IESE Insight
The road to good governance: Competence over compliance
A new study maps out how the 10 largest Spanish banks comply with ownership and governance recommendations.
The financial industry in the West is facing a period of radical change. Nowhere is this truer than in Spain, where the massive consolidation of the country's savings and retail banks, coupled with the recent failure of five of the country's 26 banking institutions to pass euro zone stress tests, has cast a spotlight on corporate governance in the country's financial sector.
In this sense, this report by IESE's Guido Stein and Manuel Gallego, together with Javier Capapé of Esade, could not be timelier.
The report focuses on the 10 largest banks in Spain in terms of market capitalization: Banco Santander, BBVA, CaixaBank, Bankia, Banco Popular Español, Banco Sabadell, Banesto, Bankinter, Banca Cívica and Banco Pastor.
How do these institutions apply good governance? In other words, what mechanisms do they implement to ensure efficient utilization of assets?
The authors' findings reveal that when it comes to compliance, a broad variety of possibilities exists.
Board size and composition
Acting within the Spanish Unified Code of 2006 and E.U. recommendations, each bank's bylaws define how it will carry out corporate governance requirements. As such, the boards studied by the authors demonstrate variety in terms of both composition and size.

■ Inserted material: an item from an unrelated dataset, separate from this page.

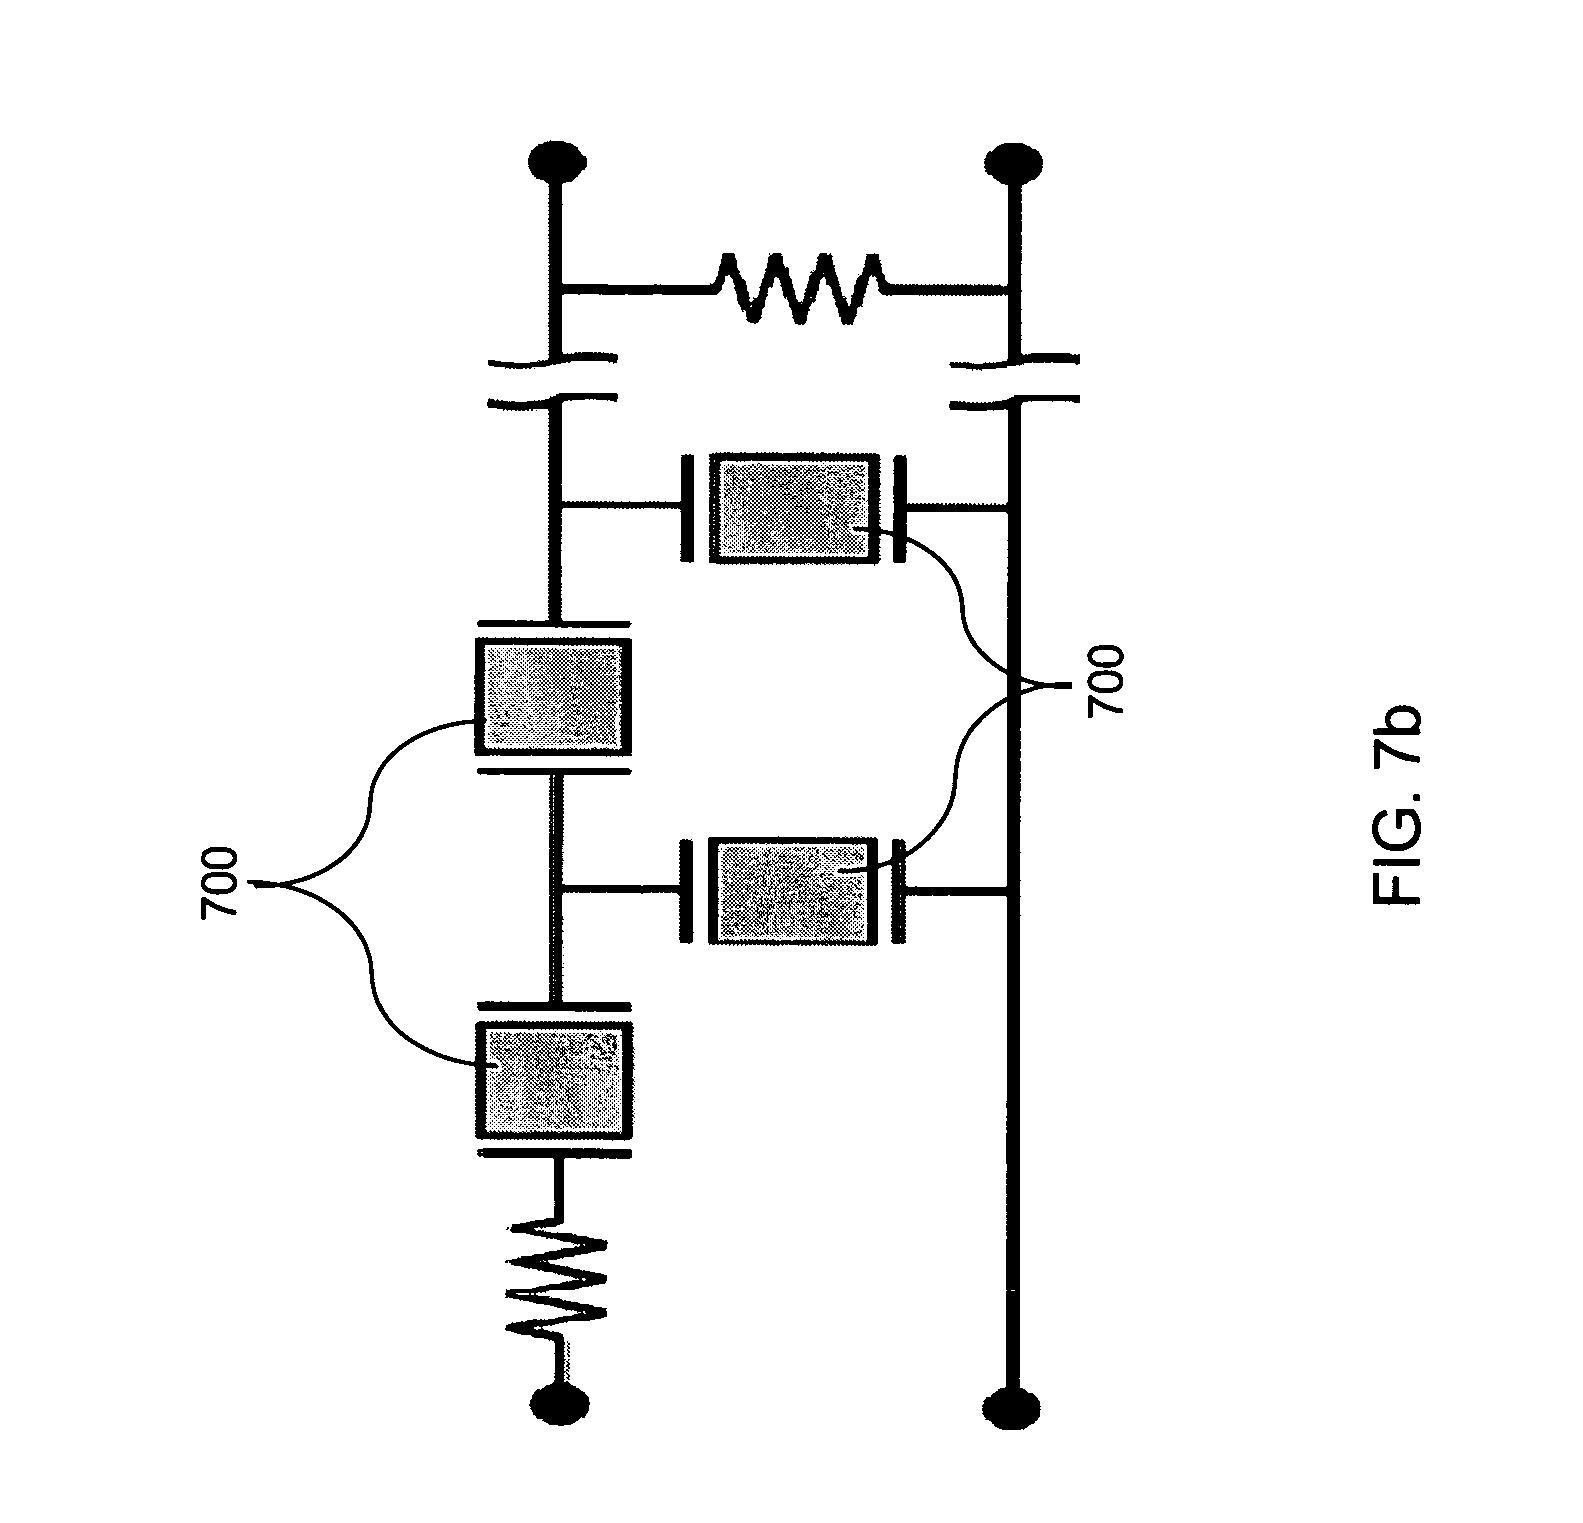 MEMS-based Broadband Transceiver/sensor

For example, Santander requires the board to have between 14 and 22 members, CaixaBank 12 and 20, and BBVA anywhere between five and 15.
Of these, the proportion of executive directors to independent non-executive and proprietary directors (representing a significant shareholder) also varies. Independent directors are most common, averaging 44 percent of the total.
However, the proportion of independents varies greatly from company to company — as high as 75 percent at BBVA and as low as 29 percent at CaixaBank and Banca Cívica.
On average, proprietary directors account for 26 percent of directors within the banks. The proportion is particularly high in the banks that emerged from the recent mergers between the country's savings banks, commonly referred to as "cajas." These include CaixaBank, Bankia and Banca Cívica.
Executive directors account for 20 percent of the boards in the authors' sample, with Santander and Bankinter having the highest proportion of executive directors, at 30 percent.
Moreover, the proportion of shares owned by the chairs of Banco Santander, BBVA and Banco Pastor suggests closer executive control of those boards. Santander's Emilio Botín and BBVA's Francisco González hold 66 percent and 74 percent, respectively, while Banco Pastor's José María Arias owns more than 60 percent of total board shares.
Shareholder pay and CEO duality
Banco Santander boasts the largest board of directors, with a total of 20 members. Santander also comes in with the highest total directors' remuneration, at 34 million euros, 400 percent more than the average total directors' remuneration for the Ibex 35, Spain's main stock index.
When it comes to the role of the CEO, Spanish banks tend to favor a duality system, which is when the chief executive simultaneously holds the position of chair of the board and CEO. This is certainly the case at two of the country's leading banks, Banco Santander and BBVA.
By contrast, the board of CaixaBank, the country's third largest financial institution, dictates the separation of the positions of chair of the board and company CEO.
Both Anglo-American and European tendencies
The authors describe ownership structure using two variables: type of company control depending on shareholder ownership (absolute, majority, minority or internal control) and the degree of concentration of ownership (high, medium or low).
At one end of the spectrum are CaixaBank and Banesto, which are under the absolute control (over 80 percent) of just one shareholder (Caja de Ahorros y Pensiones de Barcelona in the case of CaixaBank, and Banco Santander in the case of Banesto).
At the other end of the spectrum, Santander and BBVA have internal control, with no majority shareholders. As such, in terms of degree of concentration, Santander and BBVA reflect a dispersion of ownership more typical of the U.S. and British models of corporate governance.
In contrast, most banks in the study have a high shareholder concentration. In keeping with the Spanish and dominant European model of corporate governance, 37.5 percent of the voting rights of the average Spanish bank are held by a single shareholder.
A cluster analysis of ownership structures shows Santander and BBVA in one group, and the rest of the banks in another, with the exception of CaixaBank, which is in its own category but sharing similarities with the two big banks.
A factor analysis finds that nearly 90 percent of the variability between banks can be explained by: a high free float rate, the marked presence of institutional investors and high capitalization; board size; and executive nature of the board.
Finding the road to good governance
According to the authors, when it comes to achieving good governance, managerial competence is more crucial than mere compliance with the established codes of corporate governance.
They cite the case of CaixaBank, which has been led by the same management team for more than 30 years, as a model of solid professional management supported by structured corporate governance.
Clearly, since governance in banks is crucial to maintaining confidence in the financial markets and thereby creating sustainable value, it is in the interest of society at large to have stable, properly functioning banking institutions.
As this research has shown, banking institutions may achieve solid results with markedly varying business strategies and governance styles.
Nevertheless, the authors assert that the key to successful governance is appointing competent managers who really take the principles of good governance to heart.